3) Failing to Reconcile GSTR 3B & GSTR 1
A GSTR Registered person makes a big mistake if he does not match his GSTR 3B and GSTR 1 returns on a regular basis. Before filing GST returns, each person should double-check that their GSTR 3B and GSTR 1 reports are matched on a monthly basis.
4) Failing to Reconcile GSTR – 2A
No matter how many invoices taxpayers have, the GST regulation 36(4) states that he is only permitted to claim an ITC credit equal to 110% of the qualifying ITC stated on form GSTR 2A or the ITC as per books, whichever is lesser.
5) Failing to Report All Sales and Purchases
Many taxpayers believe they are exempt from filing a NIL report if they have no sales or purchases. But this is a typical misunderstanding. Even if there were no transactions during a tax period, people registered under GST are nevertheless required to file an NIL return, according to GST Law. A financial penalty for failure to submit a NIL GST return may be assessed. The tax authority may notify us that the GST registration will be cancelled due to a failure to submit a GST return.
Penalties for Non-Compliance
The late charge is a payment paid in accordance with GST regulations for the late filing of GST returns. A prescribed late charge must be paid on each day that a GST-registered business files its GST returns after the deadline in consideration.

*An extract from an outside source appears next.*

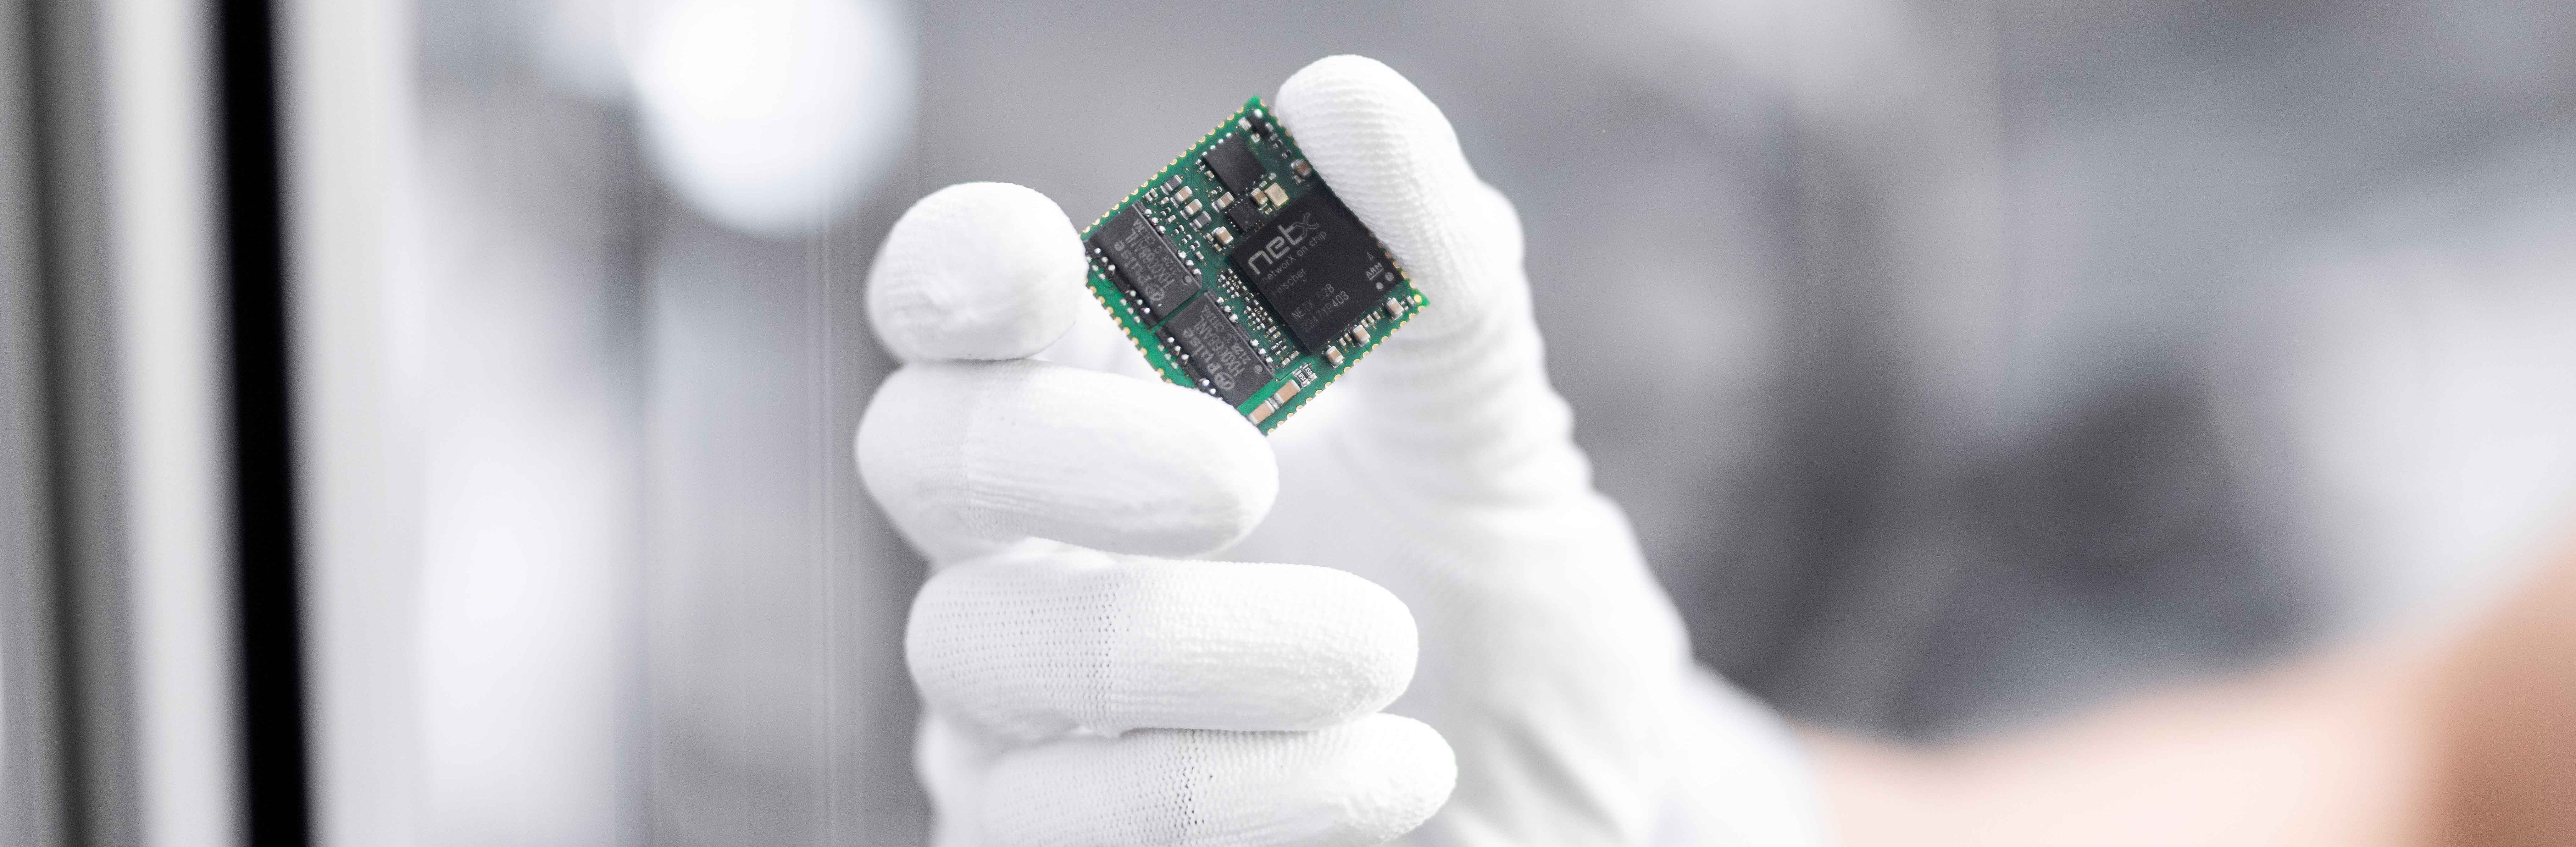 A hand in a white glove holds an embedd module from Hilscher. Mounted on the green square module is a netX 52.

The Input Tax Credit (ITC) made available by an electronic credit ledger cannot be used by the taxpayer to pay the late fee; instead, the late fee must be paid in cash.
Late Filing Fees
The CBIC has lowered the penalty amount as follows due to technological problems and frequent amendments to GST clauses:
- CGST of Rs.25 per day plus SGST of Rs.25 per day, for a total of Rs.50 per day, are required for intra-state supplies on monthly filing.
- Monthly filing for interstate supplies: IGST of Rs. 50 per day
NIL return
Even if no GST payments were made to the Income Tax authorities, a NIL return must still be submitted.

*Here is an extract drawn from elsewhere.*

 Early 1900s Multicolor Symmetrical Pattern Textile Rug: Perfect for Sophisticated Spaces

A late fee of Rs. 50 under the CSGT act and Rs. 50 under the SGST act, or a total of Rs. 100 per day was imposed on the taxpayer in cases where NIL returns were filed late.
However, the most recent GST modifications decreased this fine to Rs. 20 per day, or Rs. 10 under CGST and Rs. 10 under SGST.
Interest in Late Payment
After deducting input tax credit claims, interest is charged on GST liabilities that are paid late. Every taxpayer who submits a delayed GST payment, that is, pays CGST, SGST, or IGST later than the due date, gets an excess input tax credit, and lowers an excess output tax debt is required to pay interest.
The following interest rates must be paid if the due dates do not pay GST for submitting returns like:
- 18% per annum after the due date
- 24% per year after the due date if an excess ITC claim is made or an excess output tax reduction is made.
Late Fees for Non-Filing
A late fee of Rs. 50/day, or Rs. 25 per day in every instance of CGST and SGST (in case of any tax liability), and Rs. 20/day, or Rs. 10 per day in every event of CGST and SGST (in case of Zero tax liability), subject to a cap of Rs. 5000/-, must be deducted from the provided amount when a taxpayer fails to file returns by the deadlines.
Conclusion
In summary, submitting GST returns is crucial to operating a GST-registered firm. To avoid unnecessary reconciliation and legal issues, taking precautions and keeping clear of frequent blunders is critical. Additionally, taxpayers must be aware of the several GST return types and which ones apply to them depending on their registration status and annual revenue. Firms should also keep accurate records of their transactions to avoid any problems during audits and ensure they are correctly documented. To ensure compliance with GST requirements, seeking expert advice and direction can also be beneficial.